▶ [Exercise brief]: Lines before the one containing "Green-Dress" are not wanted; restate the rest below word for word, through the last line, but drop any pictures.

▶ [Information shown]:
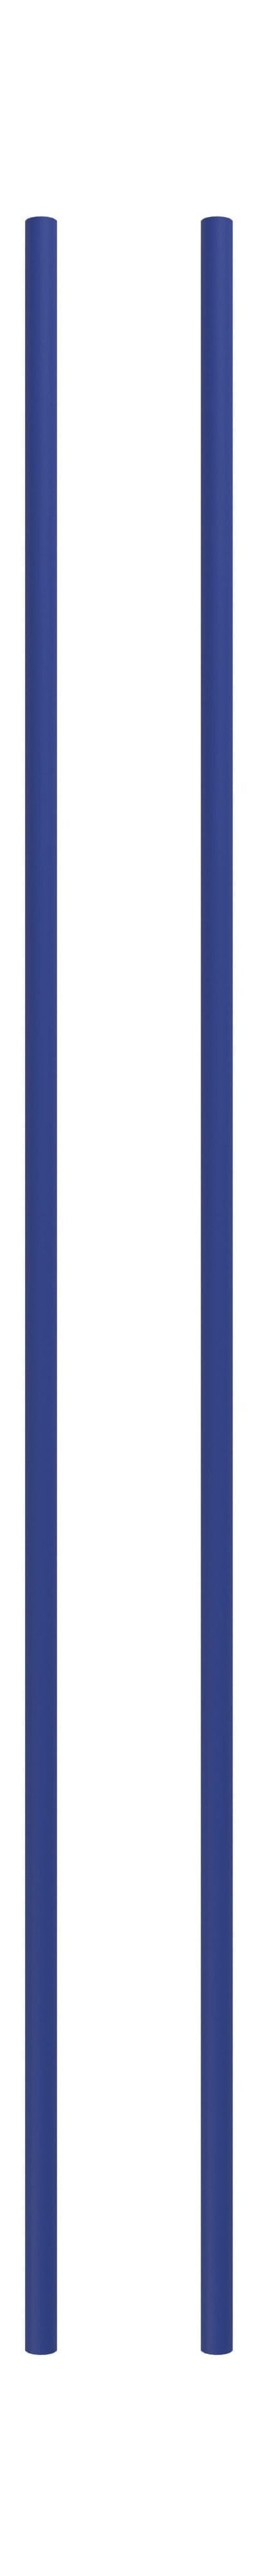 Moebe -Regalsystem/Wandregalbein 115 cm tiefblau, 2 Set von 2
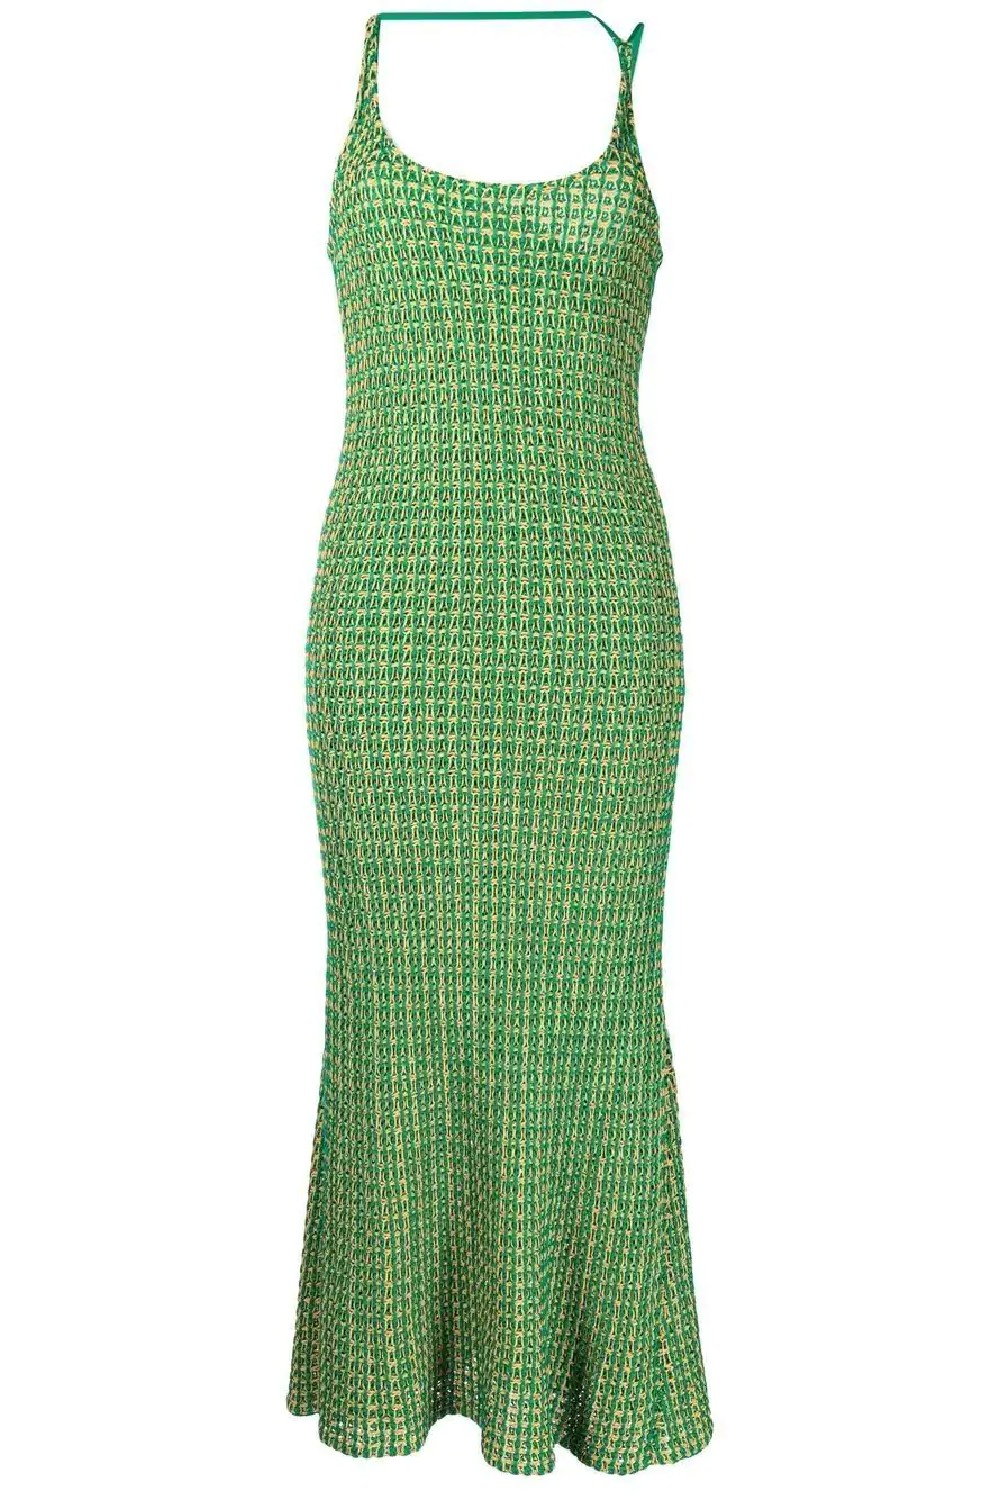 Green-Dress
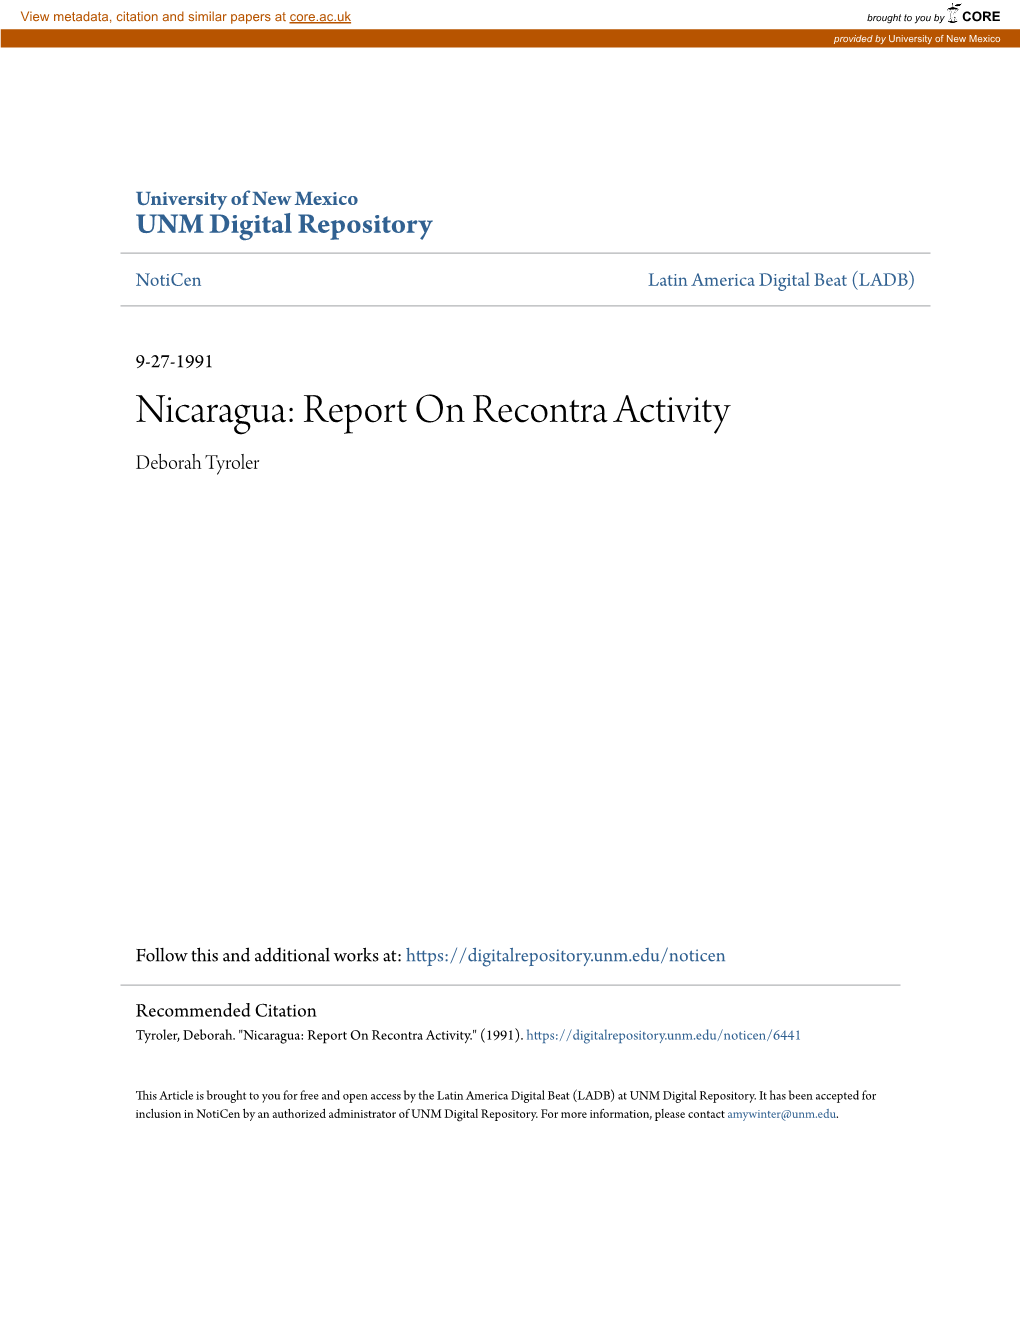 Nicaragua: Report on Recontra Activity Deborah Tyroler

▶ [Answer area]:
 Green-Dress
 Nicaragua: Report on Recontra Activity Deborah Tyroler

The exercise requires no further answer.